> [Work task] Write out all of the data exactly as it appears.

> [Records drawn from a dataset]
*** Begin section ***
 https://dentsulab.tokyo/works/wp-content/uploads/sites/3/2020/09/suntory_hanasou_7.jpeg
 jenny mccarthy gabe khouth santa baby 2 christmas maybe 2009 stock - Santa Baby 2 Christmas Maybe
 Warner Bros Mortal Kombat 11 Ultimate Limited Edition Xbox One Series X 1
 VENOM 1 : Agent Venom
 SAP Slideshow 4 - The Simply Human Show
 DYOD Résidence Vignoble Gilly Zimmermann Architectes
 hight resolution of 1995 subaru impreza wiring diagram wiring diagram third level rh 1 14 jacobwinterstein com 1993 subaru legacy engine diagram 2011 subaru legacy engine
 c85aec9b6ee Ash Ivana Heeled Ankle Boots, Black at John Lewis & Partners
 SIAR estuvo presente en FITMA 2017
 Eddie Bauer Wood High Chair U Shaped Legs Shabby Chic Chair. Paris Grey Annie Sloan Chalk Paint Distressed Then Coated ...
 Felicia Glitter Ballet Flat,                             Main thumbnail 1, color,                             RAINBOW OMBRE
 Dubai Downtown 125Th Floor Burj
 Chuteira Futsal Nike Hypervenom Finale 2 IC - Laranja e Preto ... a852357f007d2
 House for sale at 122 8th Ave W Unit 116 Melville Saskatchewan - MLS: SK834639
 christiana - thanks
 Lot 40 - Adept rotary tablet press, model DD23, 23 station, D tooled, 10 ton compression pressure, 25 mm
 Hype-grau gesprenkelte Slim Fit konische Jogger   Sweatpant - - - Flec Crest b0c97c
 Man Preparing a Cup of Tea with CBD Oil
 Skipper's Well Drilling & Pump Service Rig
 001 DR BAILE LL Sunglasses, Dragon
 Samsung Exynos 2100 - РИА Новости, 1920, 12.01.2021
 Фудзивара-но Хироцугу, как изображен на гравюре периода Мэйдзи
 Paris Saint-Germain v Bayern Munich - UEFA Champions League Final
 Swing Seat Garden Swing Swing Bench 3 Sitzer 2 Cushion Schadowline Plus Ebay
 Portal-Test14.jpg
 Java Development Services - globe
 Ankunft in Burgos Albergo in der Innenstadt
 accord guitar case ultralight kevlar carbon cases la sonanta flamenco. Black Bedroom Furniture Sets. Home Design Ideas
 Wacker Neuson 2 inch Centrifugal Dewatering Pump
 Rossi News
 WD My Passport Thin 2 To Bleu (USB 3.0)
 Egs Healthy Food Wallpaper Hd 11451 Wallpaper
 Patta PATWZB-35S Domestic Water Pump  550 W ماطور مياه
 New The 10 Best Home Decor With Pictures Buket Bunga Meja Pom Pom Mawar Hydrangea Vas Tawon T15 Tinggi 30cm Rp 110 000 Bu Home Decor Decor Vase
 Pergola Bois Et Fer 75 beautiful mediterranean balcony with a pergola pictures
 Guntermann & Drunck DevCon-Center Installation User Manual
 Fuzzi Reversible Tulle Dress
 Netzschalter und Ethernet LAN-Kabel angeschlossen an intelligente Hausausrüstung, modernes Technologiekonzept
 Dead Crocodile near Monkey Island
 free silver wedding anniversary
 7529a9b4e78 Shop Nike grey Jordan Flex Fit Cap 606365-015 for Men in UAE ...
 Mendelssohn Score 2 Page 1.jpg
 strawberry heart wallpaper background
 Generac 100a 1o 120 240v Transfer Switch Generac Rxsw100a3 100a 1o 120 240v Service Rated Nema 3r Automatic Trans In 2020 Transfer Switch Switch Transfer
*** End section ***
> [Finished task]
 https://dentsulab.tokyo/works/wp-content/uploads/sites/3/2020/09/suntory_hanasou_7.jpeg
 jenny mccarthy gabe khouth santa baby 2 christmas maybe 2009 stock - Santa Baby 2 Christmas Maybe
 Warner Bros Mortal Kombat 11 Ultimate Limited Edition Xbox One Series X 1
 VENOM 1 : Agent Venom
 SAP Slideshow 4 - The Simply Human Show
 DYOD Résidence Vignoble Gilly Zimmermann Architectes
 hight resolution of 1995 subaru impreza wiring diagram wiring diagram third level rh 1 14 jacobwinterstein com 1993 subaru legacy engine diagram 2011 subaru legacy engine
 c85aec9b6ee Ash Ivana Heeled Ankle Boots, Black at John Lewis & Partners
 SIAR estuvo presente en FITMA 2017
 Eddie Bauer Wood High Chair U Shaped Legs Shabby Chic Chair. Paris Grey Annie Sloan Chalk Paint Distressed Then Coated ...
 Felicia Glitter Ballet Flat,                             Main thumbnail 1, color,                             RAINBOW OMBRE
 Dubai Downtown 125Th Floor Burj
 Chuteira Futsal Nike Hypervenom Finale 2 IC - Laranja e Preto ... a852357f007d2
 House for sale at 122 8th Ave W Unit 116 Melville Saskatchewan - MLS: SK834639
 christiana - thanks
 Lot 40 - Adept rotary tablet press, model DD23, 23 station, D tooled, 10 ton compression pressure, 25 mm
 Hype-grau gesprenkelte Slim Fit konische Jogger   Sweatpant - - - Flec Crest b0c97c
 Man Preparing a Cup of Tea with CBD Oil
 Skipper's Well Drilling & Pump Service Rig
 001 DR BAILE LL Sunglasses, Dragon
 Samsung Exynos 2100 - РИА Новости, 1920, 12.01.2021
 Фудзивара-но Хироцугу, как изображен на гравюре периода Мэйдзи
 Paris Saint-Germain v Bayern Munich - UEFA Champions League Final
 Swing Seat Garden Swing Swing Bench 3 Sitzer 2 Cushion Schadowline Plus Ebay
 Portal-Test14.jpg
 Java Development Services - globe
 Ankunft in Burgos Albergo in der Innenstadt
 accord guitar case ultralight kevlar carbon cases la sonanta flamenco. Black Bedroom Furniture Sets. Home Design Ideas
 Wacker Neuson 2 inch Centrifugal Dewatering Pump
 Rossi News
 WD My Passport Thin 2 To Bleu (USB 3.0)
 Egs Healthy Food Wallpaper Hd 11451 Wallpaper
 Patta PATWZB-35S Domestic Water Pump  550 W ماطور مياه
 New The 10 Best Home Decor With Pictures Buket Bunga Meja Pom Pom Mawar Hydrangea Vas Tawon T15 Tinggi 30cm Rp 110 000 Bu Home Decor Decor Vase
 Pergola Bois Et Fer 75 beautiful mediterranean balcony with a pergola pictures
 Guntermann & Drunck DevCon-Center Installation User Manual
 Fuzzi Reversible Tulle Dress
 Netzschalter und Ethernet LAN-Kabel angeschlossen an intelligente Hausausrüstung, modernes Technologiekonzept
 Dead Crocodile near Monkey Island
 free silver wedding anniversary
 7529a9b4e78 Shop Nike grey Jordan Flex Fit Cap 606365-015 for Men in UAE ...
 Mendelssohn Score 2 Page 1.jpg
 strawberry heart wallpaper background
 Generac 100a 1o 120 240v Transfer Switch Generac Rxsw100a3 100a 1o 120 240v Service Rated Nema 3r Automatic Trans In 2020 Transfer Switch Switch Transfer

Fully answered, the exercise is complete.